А еще Леня с возрастом не переставал болеть. В районной поликлинике его откровенно называли симулянтом, сестры мечтали подловить противного братца, когда тот разогревает градусник, нагоняет температуру. Девочки не верили в хвори Лени, считали его подлецом.
После того как доходы Филиппа резво пошли в гору, жизнь Лени изменилась к лучшему. Мальчика перевели в частный лицей, и в хорошо оборудованном медицинском центре у него обнаружили проблему с почками. Девочки перестали лупить своего братца, после побега Ванессы из дома Алла Константиновна стала любящей матерью.
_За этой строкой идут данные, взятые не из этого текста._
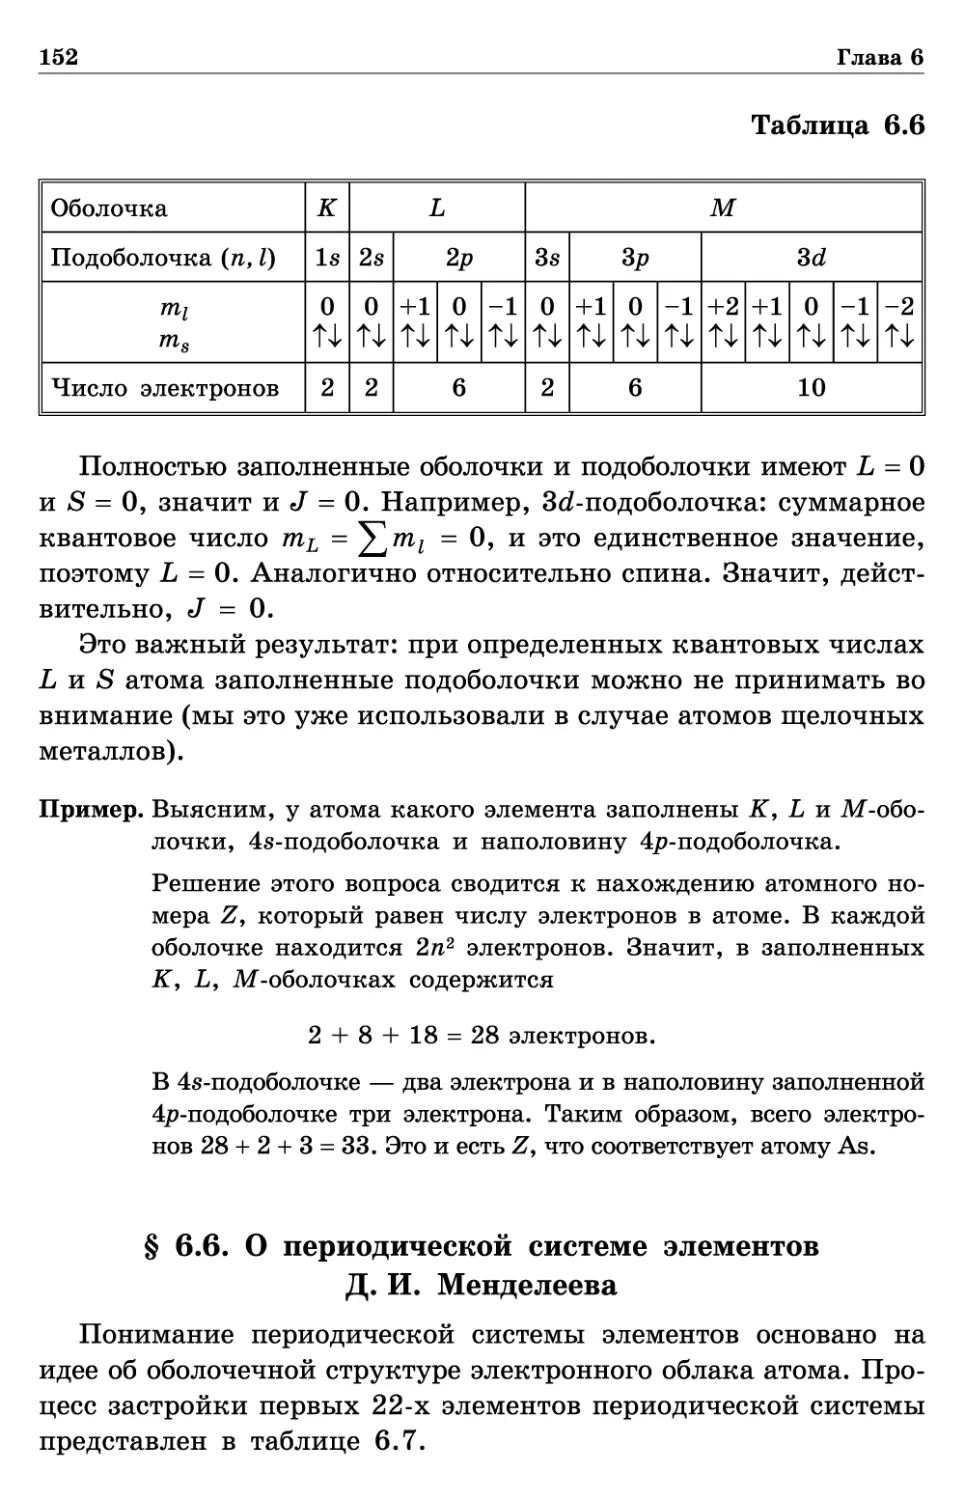 § 6.6. О периодической системе элементов Д. И. Менделеева

Леня по‑прежнему резал правду‑матку, но теперь он получил официальный статус больного, поэтому члены семьи снисходительно улыбались и говорили:
– Ты наш борец за справедливость.
К сожалению, физическое состояние Лени все ухудшалось, врачи заговорили о трансплантации почки. Филипп Леонидович хотел сделать сыну операцию в Германии, но внезапно столкнулся с проблемой, которую никак не могли решить его деньги. Лене требовалась особенная почка, парень имел совершенно нестандартные параметры.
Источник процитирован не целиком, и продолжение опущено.